The Year of the Cat.
Al Stewart in white suit.
Cyclical, eternal and in sync with nature. No “dominion over the land and seas” as in Western theocracy (in an ironic twist, outside my window, the work crew keeps digging, plowing, flattening and paving the sidewalks – one after another, from water to power, cable to phone companies – one dead-end street, multi-crew, stretching on for months).
People just want to rest, renew and reinvigorate.
Eat the fruit and replant the seed.
Eat the fruit, and remember those who planted the seed.
Greet the young and remember the old.
In letting go, one is free to receive the first visitor on New Year.
I could always tell who was going to be our first visitor while growing up in Vietnam.
Great Uncle, in bow tie.
(It would be an equivalence of man in black during New Year Eve’s party).
The bouquet, the basket of fruit and a bowl of brisket, all symbolize abundance from nature . This was during a pre-supermarket era i.e. fresh, not frozen.
Lunar New Year presents a different perspective.
I remember a movie joke line “the only restaurant opens over Christmas is Chinese“.
And perhaps the opposite is also true: the only establishment that is open in Vietnam during Tet is Circle K. (backpacker’s alley).
I miss the firecrackers. They replace them with fireworks now.
But the scent and sound of firecrackers truly marked the changing of the “animal” (from Tiger to Cat). New Year Day saw various shades of pink and red firecracker’ s ash on rich man’s lawn.
Everyone yearns for the new: new clothes, new money and new coat of paint. The ancestral altar also got buffed up. My late parents used to pen some poems right after midnight.
If they had Web 2.0 back then, they probably would have gone on Facebook and “status” it. People forgive and forget. Life is hard enough with war, separation and loss.
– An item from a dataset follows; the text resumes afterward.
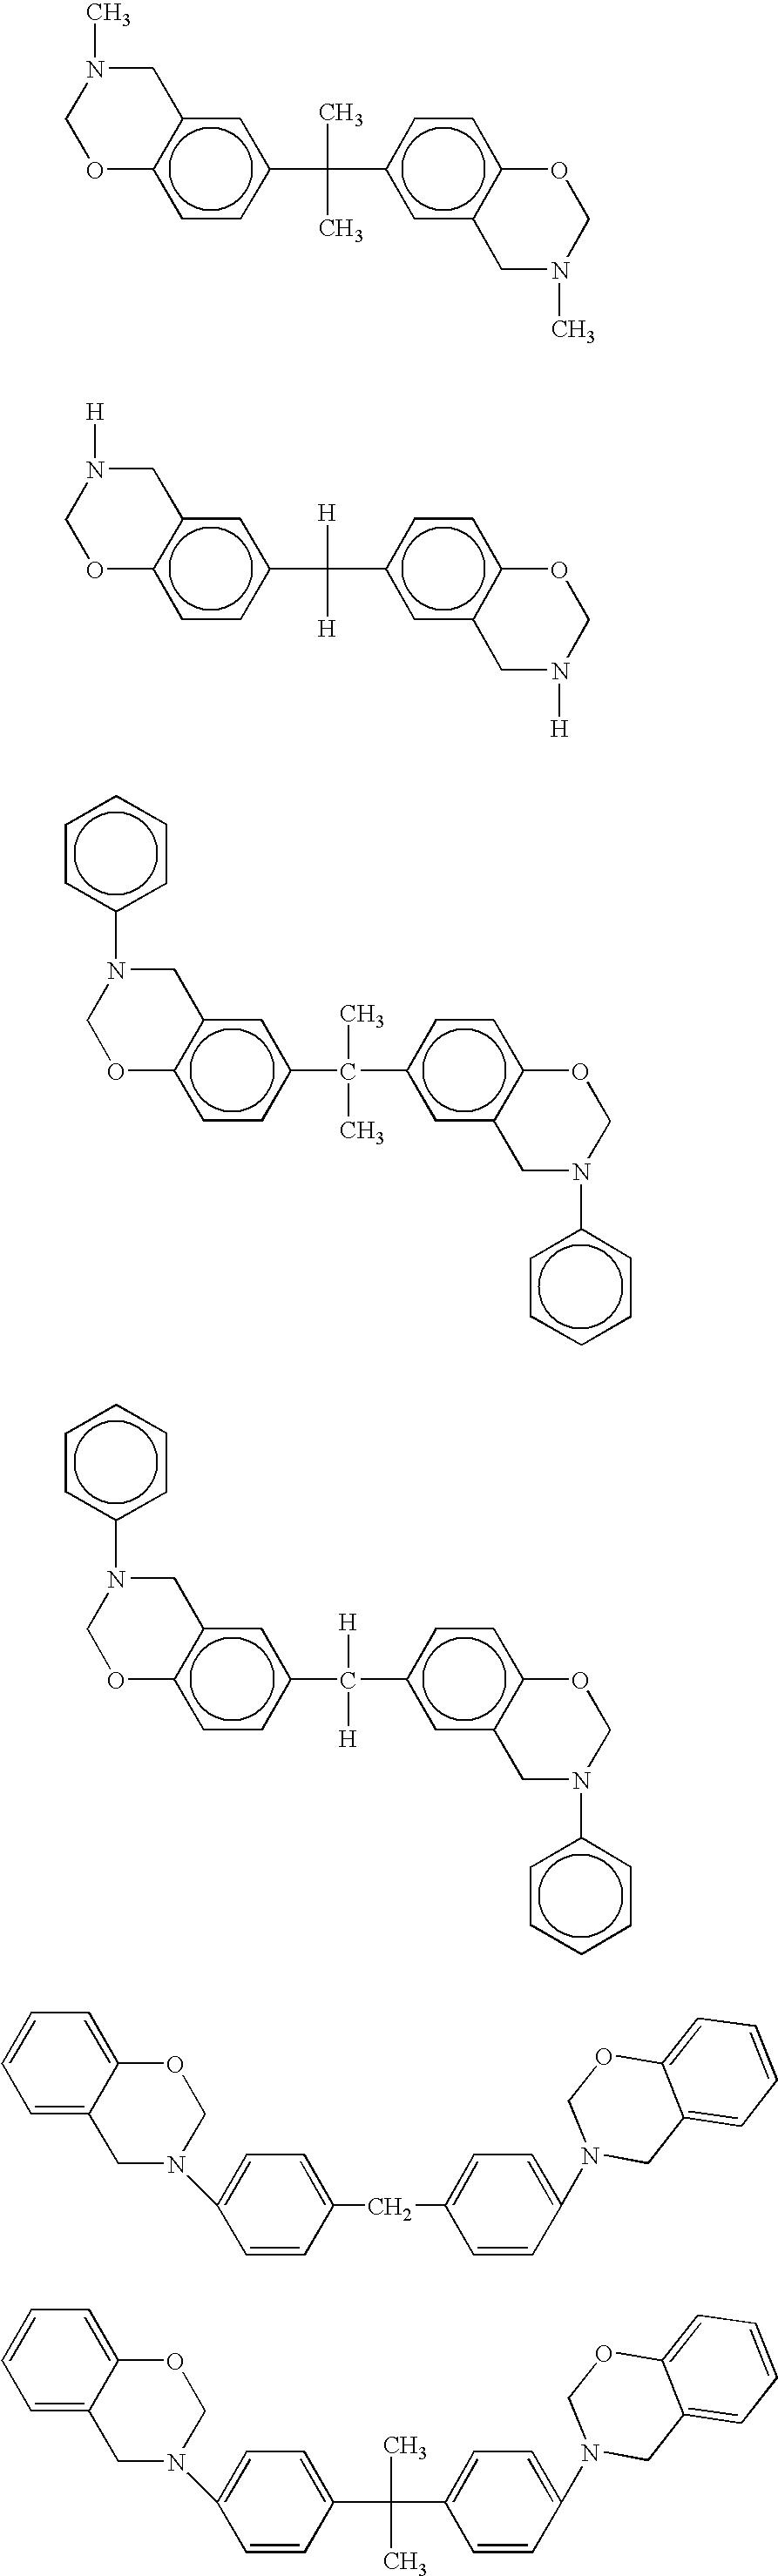 Figure US07452585-20081118-C00019

For three days, food is taken for granted.
Sit back, relax, and enjoy. Let’s hear it! 10-9-8…count down. No, there is no such clear-cut.
Just a crack here and a pop there, and before you realize it, New Year has arrived . It dropped a ton of optimism in a hurry, like an overtime UPS man running late. Growing up in war-time and in poverty is like doing exercise: you have to do it every day to make it work for you (you learn to look at yourself and others not by the amount of possession, but by the richness of one’s relationships).
New Year in Vietnam is a time for communal self-renewal. Everybody yearns for the new, for a better tomorrow. For now, Al Stewart’s the Year of the Cat will do just fine, since it was a top hit back then. Every twelve years, it becomes relevant all over again.